# top
top - 09:25:02 up 1055 days, 13:10, 5 users, load average: 162.98, 236.47, 262.56
Tasks: 561 total, 1 running, 559 sleeping, 0 stopped, 1 zombie
Cpu(s): 5.2%us, 4.4%sy, 0.0%ni, 90.2%id, 0.0%wa, 0.0%hi, 0.2%si, 0.0%st
Mem: 132042872k total, 124209800k used, 7833072k free, 1321092k buffers
Swap: 0k total, 0k used, 0k free, 103341292k cached
PID USER PR NI VIRT RES SHR S %CPU %MEM TIME+ COMMAND
42493 root 20 0 20.7g 418m 3284 S 276.0 0.3 8885:56 python
42518 root 20 0 52.8g 183m 3252 S 74.3 0.1 6:26.57 python
top命令的各个参数意义:
第一行是任务队列信息
09:25:02 当前时间
up 1055 days, 13:10 系统运行时间
5 user 当前登录用户数
load average: 162.98, 236.47, 262.56 系统负载,即任务队列的平均长度。三个数值分别为 1分钟、5分钟、15分钟前到现在的平均值。
第二行为进程的信息
total 进程总数
running 正在运行的进程数
sleeping 睡眠的进程数
stopped 停止的进程数
zombie 僵尸进程数
第三行为CPU的信息
5.2% us 用户空间占用CPU百分比
4.4% sy 内核空间占用CPU百分比
0.0% ni 用户进程空间内改变过优先级的进程占用CPU百分比
90.2% id 空闲CPU百分比
0.0% wa 等待输入输出的CPU时间百分比
0.0%hi:硬件CPU中断占用百分比
0.2%si:软中断占用百分比
0.0%st:虚拟机占用百分比
第四行为内存信息
132042872k total 物理内存总量
124209800k used 使用的物理内存总量
7833072k free 空闲内存总量
1321092k buffers 用作内核缓存的内存量
第五行为内存信息
0k total 交换区总量
0k used 使用的交换区总量
0k free 空闲交换区总量
103341292k cached 缓冲的交换区总量,内存中的内容被换出到交换区,而后又被换入到内存,但使用过的交换区尚未被覆盖,该数值即为这些内容已存在于内存中的交换区的大小,相应的内存再次被换出时可不必再对交换区写入。

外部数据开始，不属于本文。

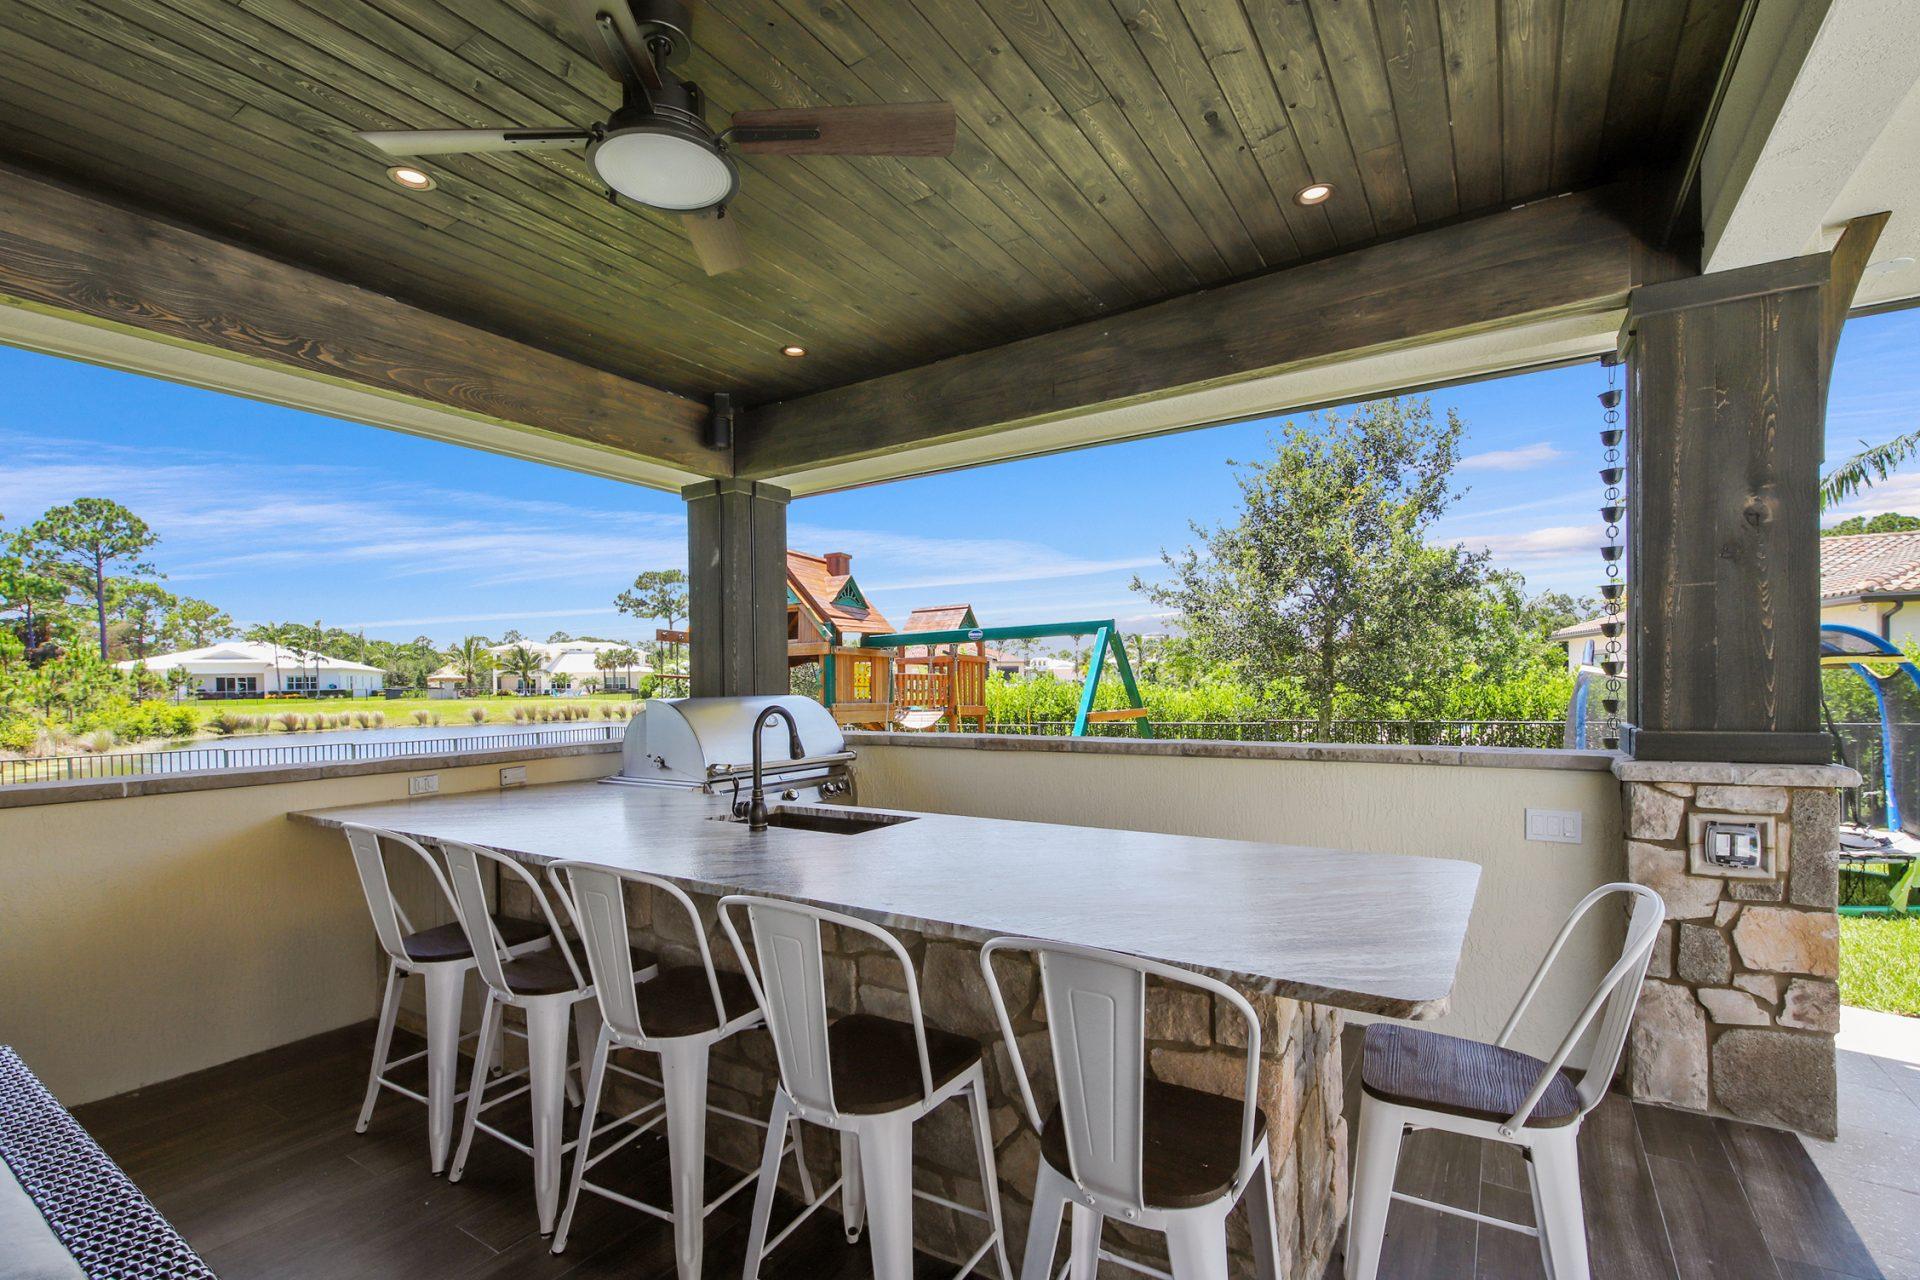 Radcliffe Veranda | Outdoor Kitchen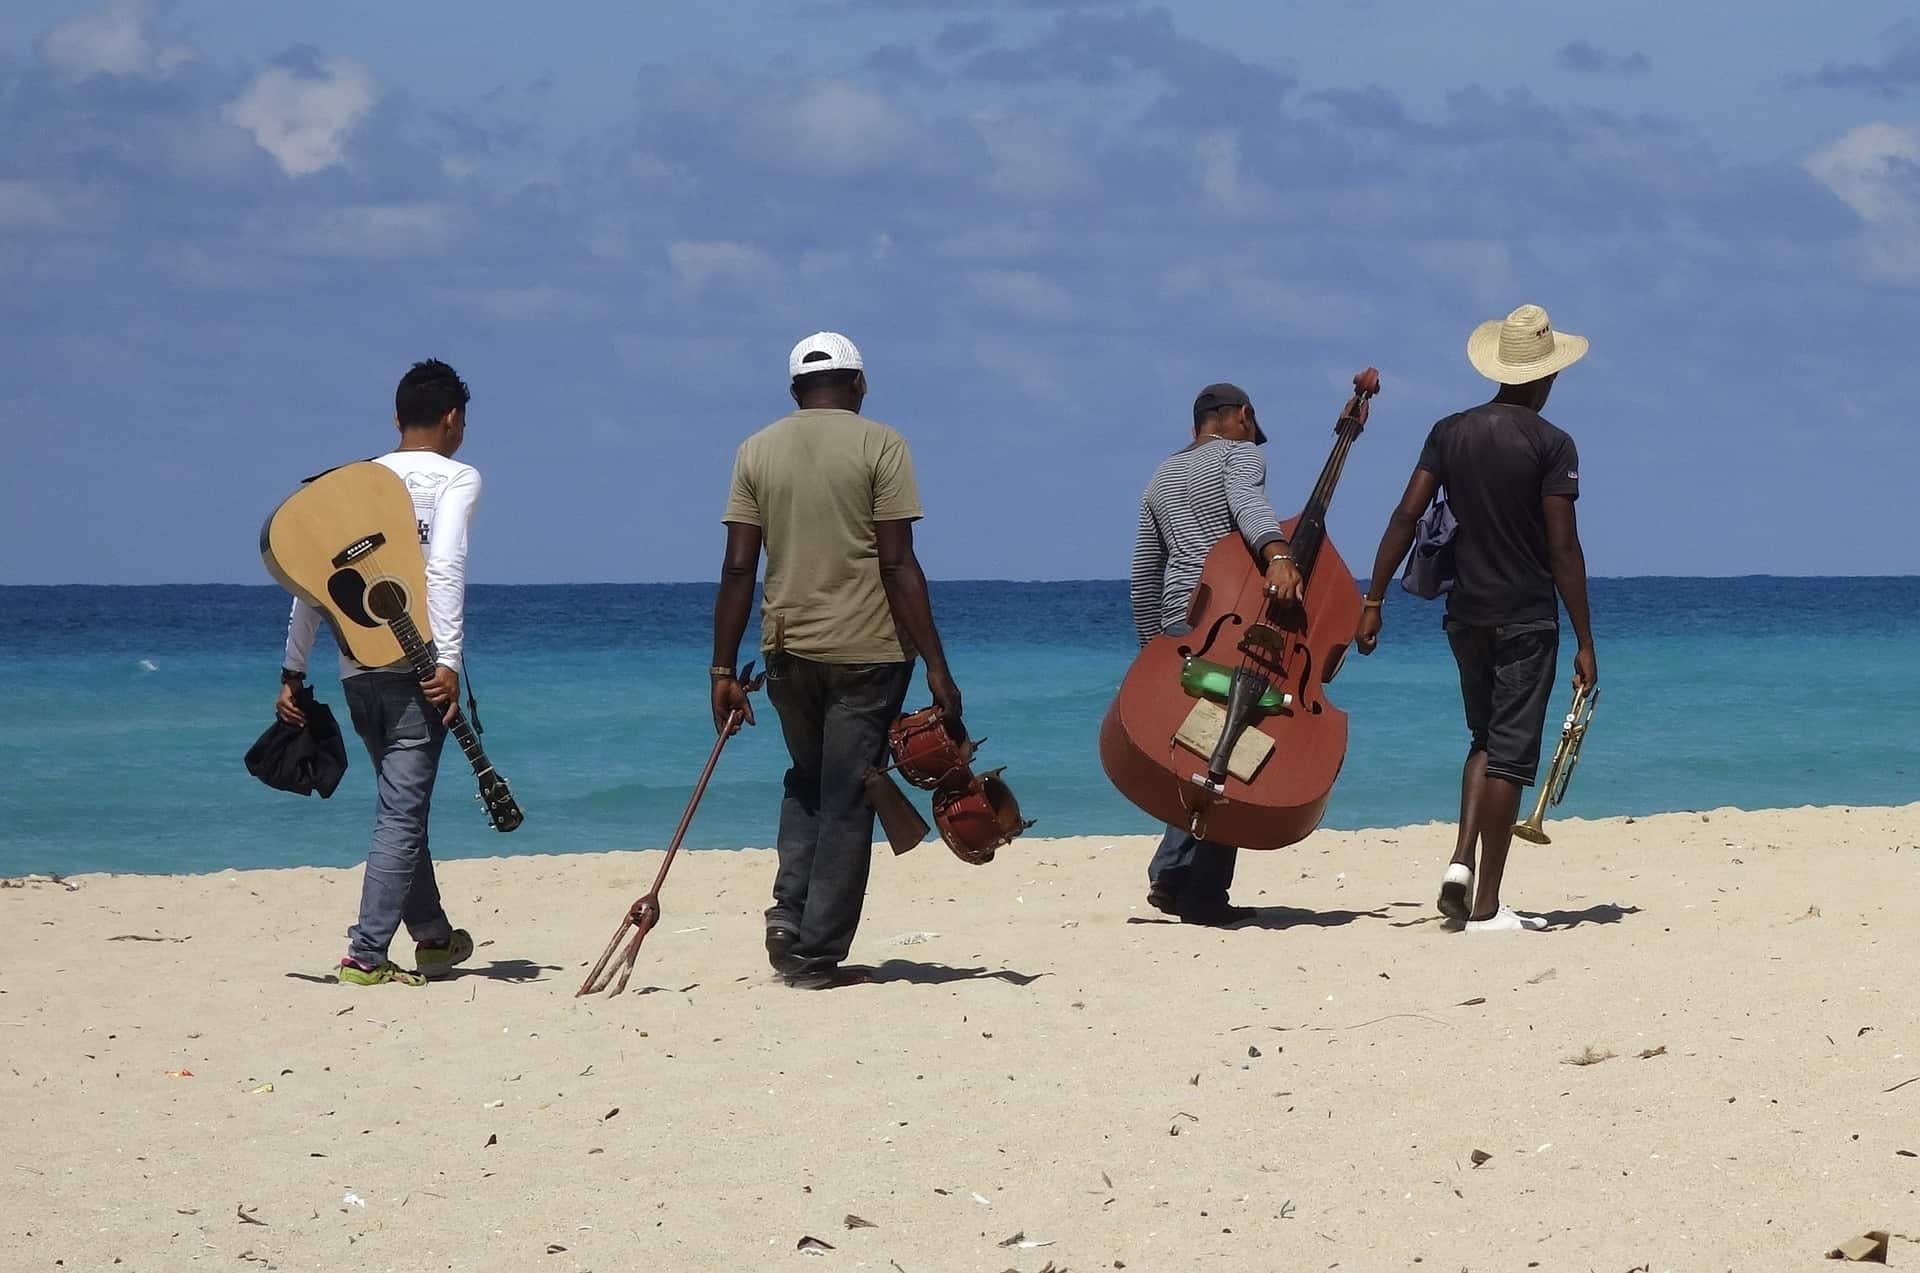 Selbst an den Stadtstränden findet Ihr Musiker die einem den Tag versüßen

看到上面的信息指标,当前主机的负载已经很高了,那么要查一下原因了,看一下进程使用情况
# ps aux | grep ma_server
root 42492 0.0 0.0 316416 44080 ? S Apr08 0:00 python /export/servers/app/ma_server.py start
root 42493 1231 0.3 21657704 428116 ? Sl Apr08 8886:16 python /export/servers/app/ma_server.py start
。。。。。。
可以看到 pid:42493 的进程 占用了很长是时间8886:16,这是不正常的值,查看这个进程执行了哪些文件
lsof -p 42493
COMMAND PID USER FD TYPE DEVICE SIZE/OFF NODE NAME
python 42493 root cwd DIR 8,2 4096 2 /
python 42493 root rtd DIR 8,2 4096 2 /
python 42493 root txt REG 8,2 6224753 2235542 /usr/local/bin/python2.7
python 42493 root mem REG 8,2 90880 1704142 /lib64/libgcc_s-4.4.7-20120601.so.1
python 42493 root mem REG 8,2 24374 2626716 /usr/local/lib/python2.7/site-packages/psutil-4.4.0-py2.7-linux-x86_64.egg/psutil/_psutil_posix.so
python 42493 root mem REG 8,2 404779 2756184 /usr/local/lib/python2.7/site-packages/thriftpy-0.3.9-py2.7-linux-x86_64.egg/thriftpy/protocol/cybin.so
python 42493 root mem REG 8,2 109073 2756205 /usr/local/lib/python2.7/site-packages/thriftpy-0.3.9-py2.7-linux-x86_64.egg/thriftpy/transport/memory/cymemory.so
python 42493 root mem REG 8,2 190975 2756199 /usr/local/lib/python2.7/site-packages/thriftpy-0.3.9-py2.7-linux-x86_64.egg/thriftpy/transport/buffered/cybuffered.so
python 42493 root mem REG 8,2 74926 3014689 /root/.python-eggs/pymongo-3.3.0-py2.7-linux-x86_64.egg-tmp/pymongo/_cmessage.so
python 42493 root mem REG 8,2 151980 3014691 /root/.python-eggs/pymongo-3.3.0-py2.7-linux-x86_64.egg-tmp/bson/_cbson.so
python 42493 root mem REG 8,2 27424 1704280 /lib64/libnss_dns-2.12.so
python 42493 root mem REG 8,2 65928 1704158 /lib64/libnss_files-2.12.so
python 42493 root 20u sock 0,6 0t0 1563627155 can't identify protocol
python 42493 root 21u sock 0,6 0t0 1563645588 can't identify protocol
python 42493 root 22u sock 0,6 0t0 1563626889 can't identify protocol
python 42493 root 23u sock 0,6 0t0 1563634945 can't identify protocol
python 42493 root 24u sock 0,6 0t0 1563703398 can't identify protocol
看到报错的信息’can’t identify protocol’,他们都对应一个进程id 42493,查一下进程id的系统跟踪信息
strace -p 42493
Process 42493 attached - interrupt to quit
select(20, [19], [], [], {0, 57202}) = 0 (Timeout)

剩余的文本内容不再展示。